───── Recorded information ─────
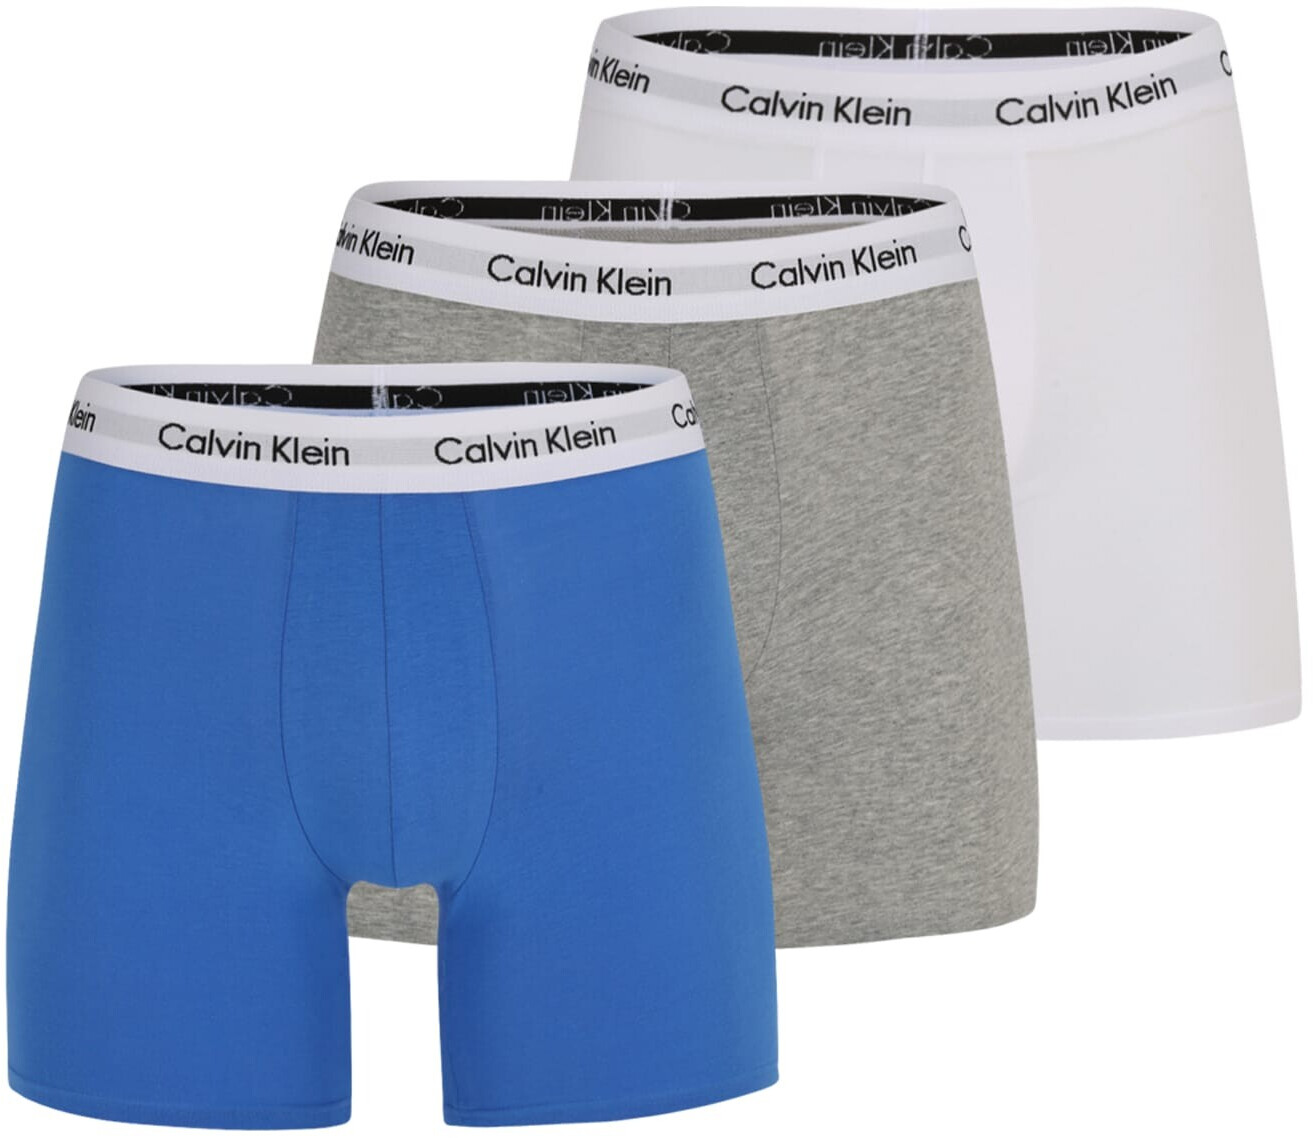 Calvin Klein Blue Trunks, Calvin Klein Boxers, Men's Underwear
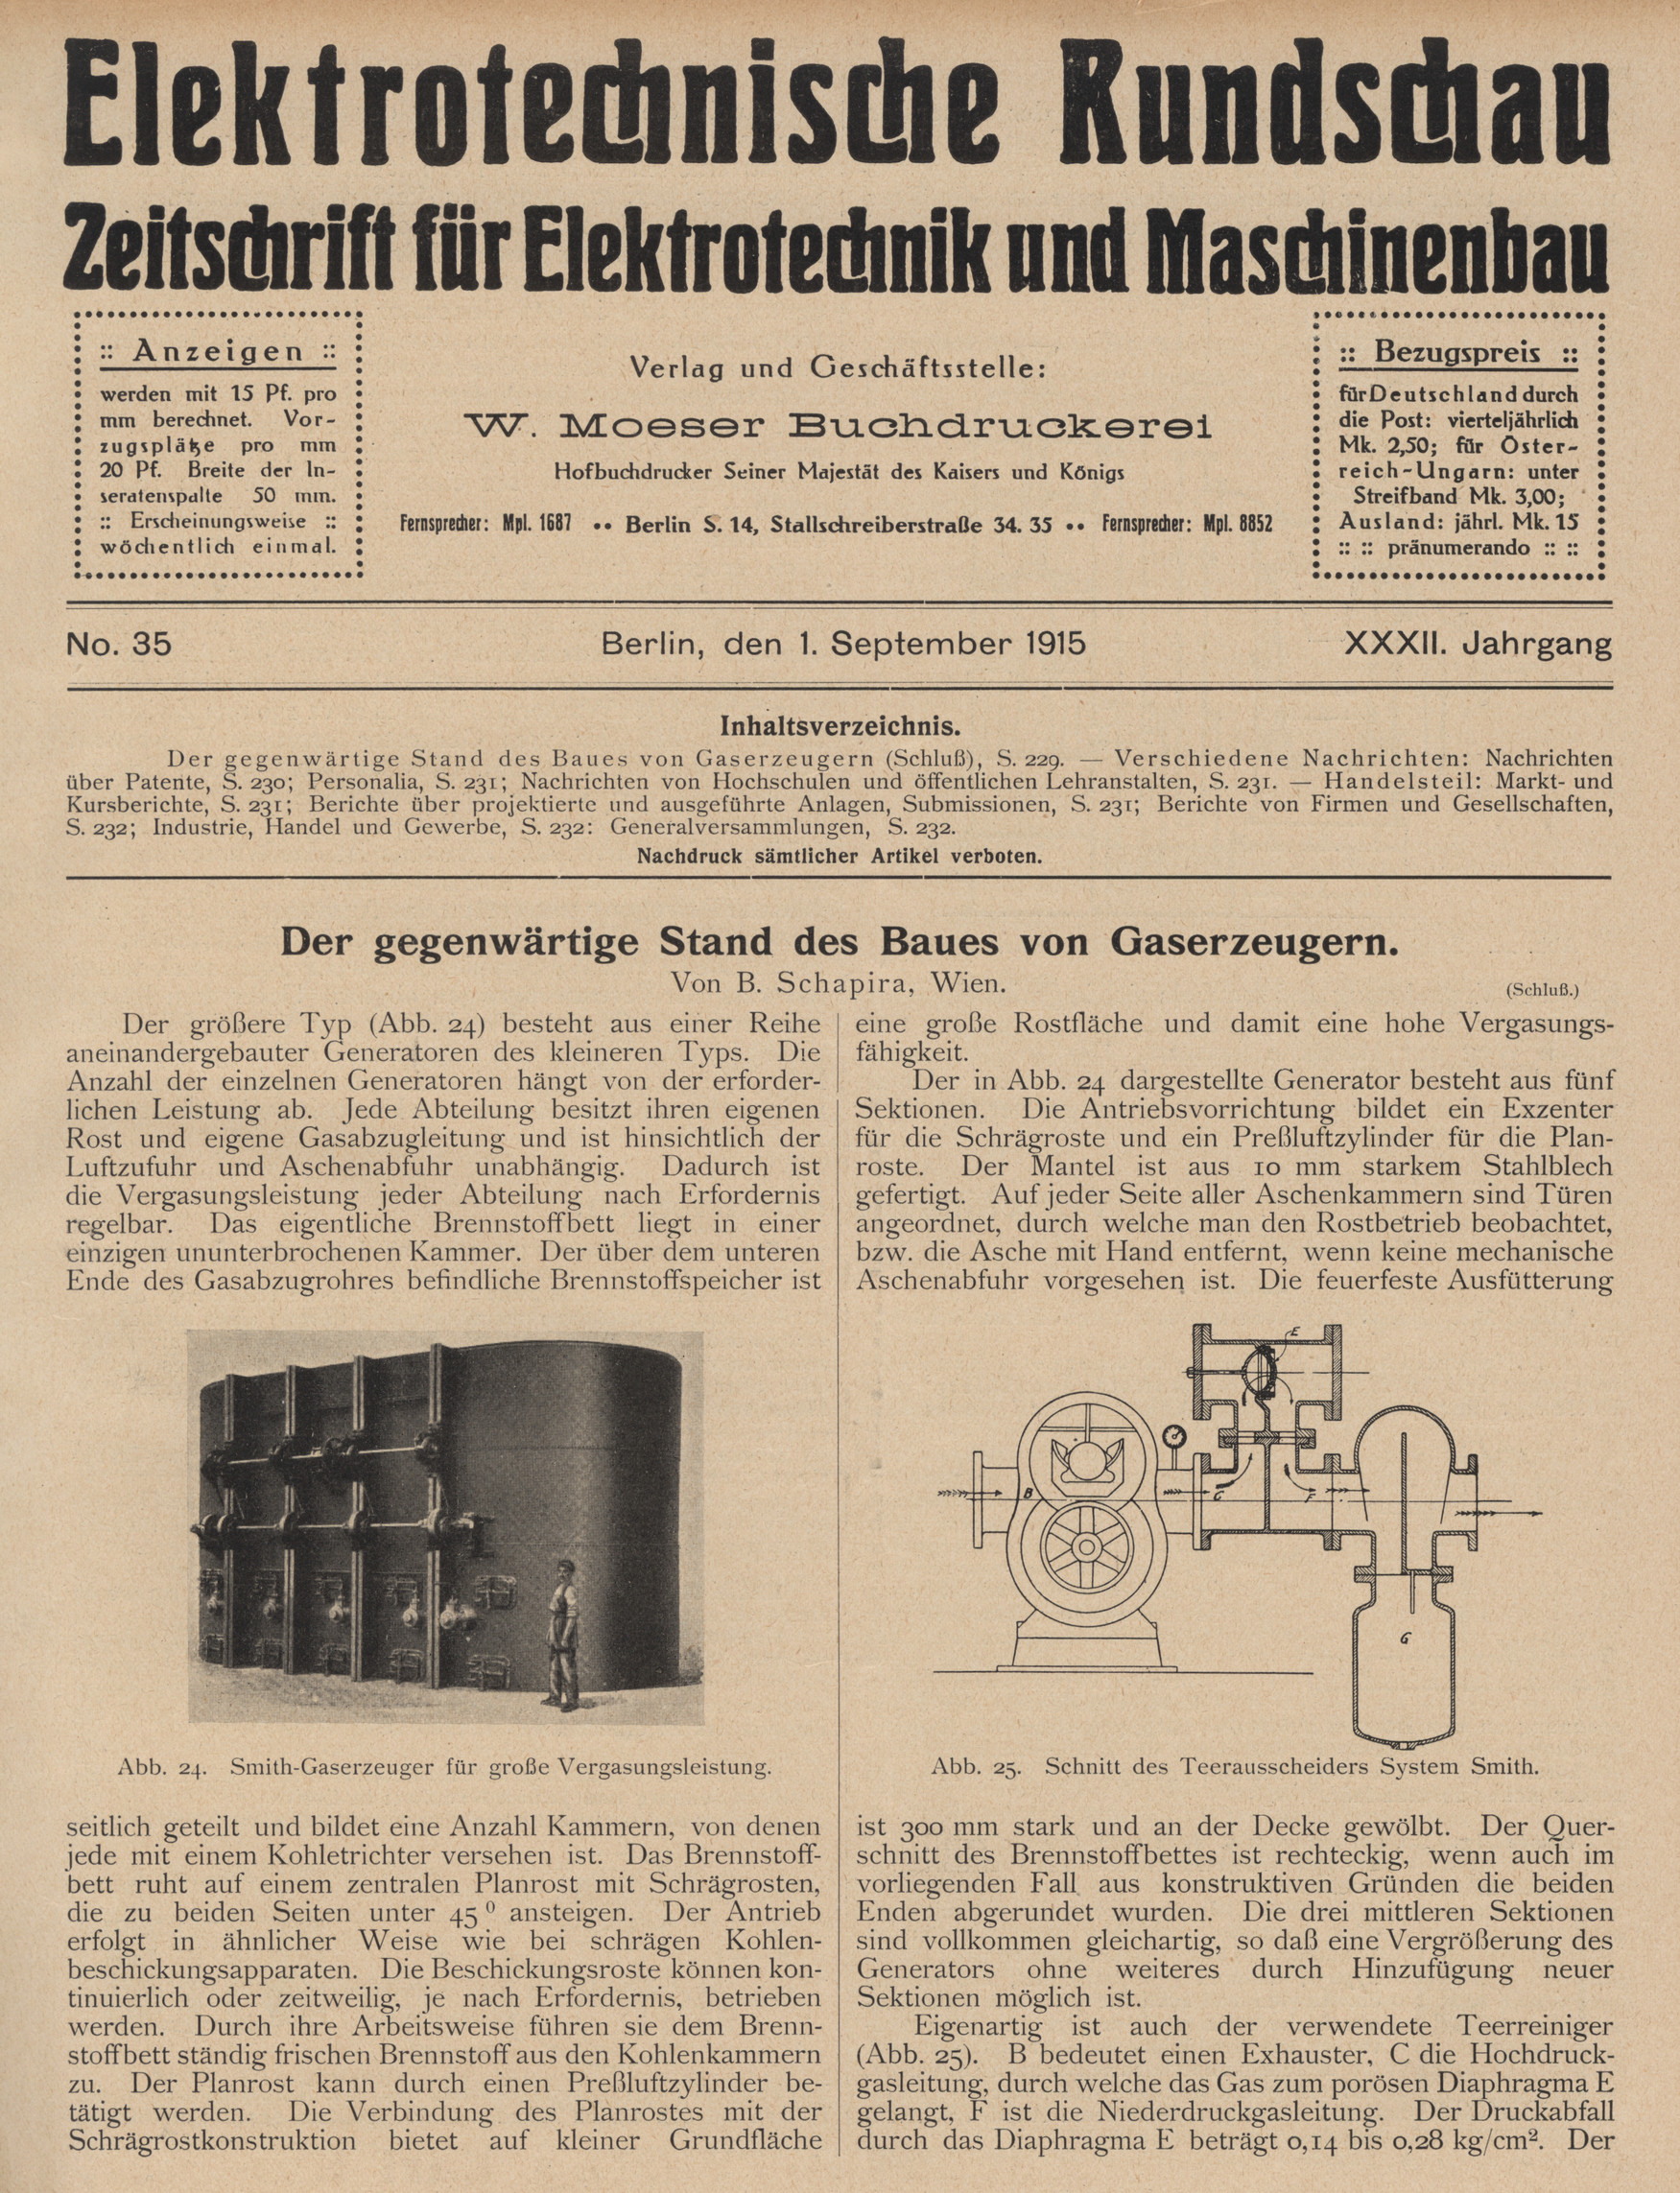 Elektrotechnische Rundschau : Zeitschrift für Elektrotechnik und Maschinenbau + Polytechnische Rundschau, No. 35, XXXII. Jahrgang
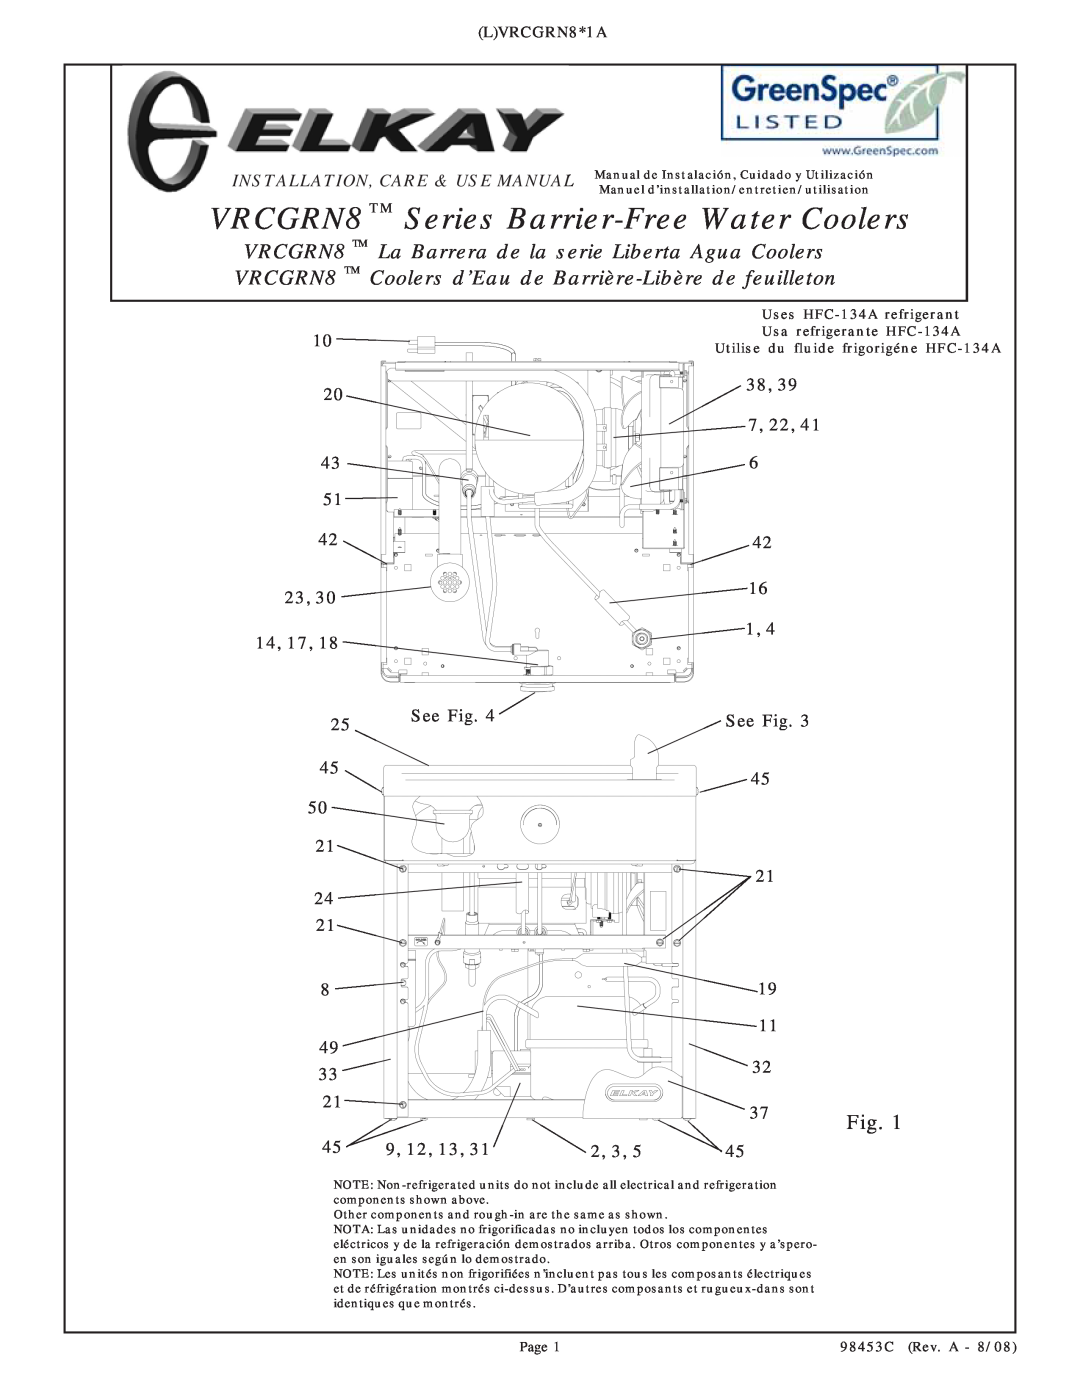 Elkay VRCGRN8 Series manual 23, 30 14, 38, 39 7, 22, 16 1 See Fig, LVRCGRN8*1A, Utilise du fluide frigorigéne HFC-134A 
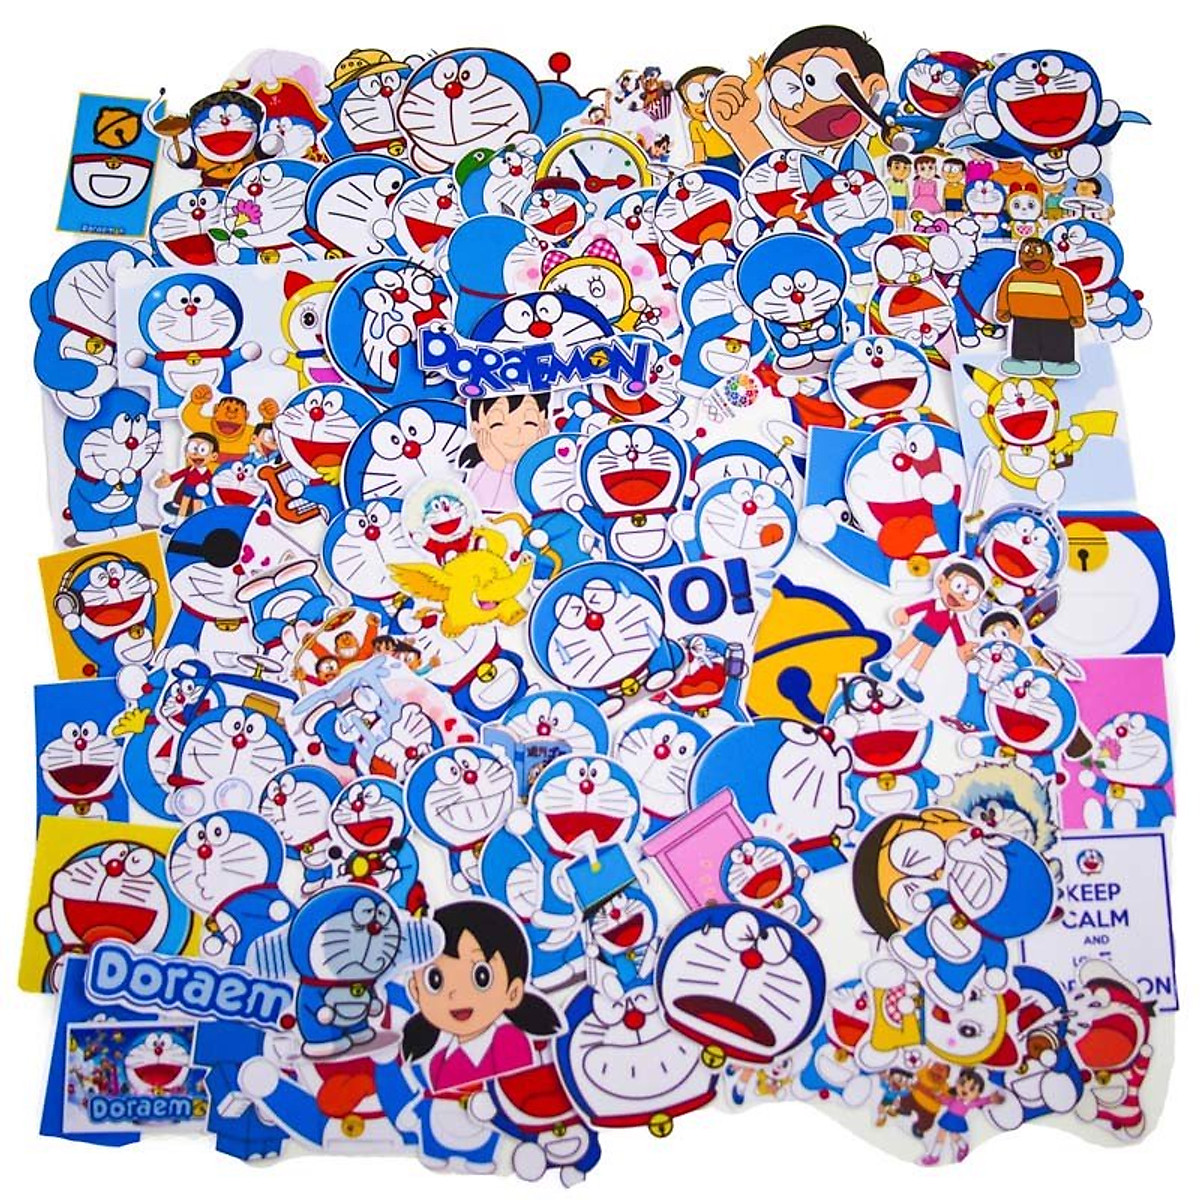 Bạn yêu thích Doraemon? Hãy tìm hiểu về chiếc sticker hình dán Doraemon đáng yêu này. Đặt chúng lên điện thoại, laptop hoặc dụng cụ học tập của bạn để tạo thêm không gian năng động và trẻ trung.
─────
▶ [What you are asked to do]:
No pictures belong in the copy; quote exactly the lines from the line containing "Elkay VRCGRN8 Series" through the final line of the material, both ends included.

▶ [Answer for this exercise]:
 Elkay VRCGRN8 Series manual 23, 30 14, 38, 39 7, 22, 16 1 See Fig, LVRCGRN8*1A, Utilise du fluide frigorigéne HFC-134A 
 Bạn yêu thích Doraemon? Hãy tìm hiểu về chiếc sticker hình dán Doraemon đáng yêu này. Đặt chúng lên điện thoại, laptop hoặc dụng cụ học tập của bạn để tạo thêm không gian năng động và trẻ trung.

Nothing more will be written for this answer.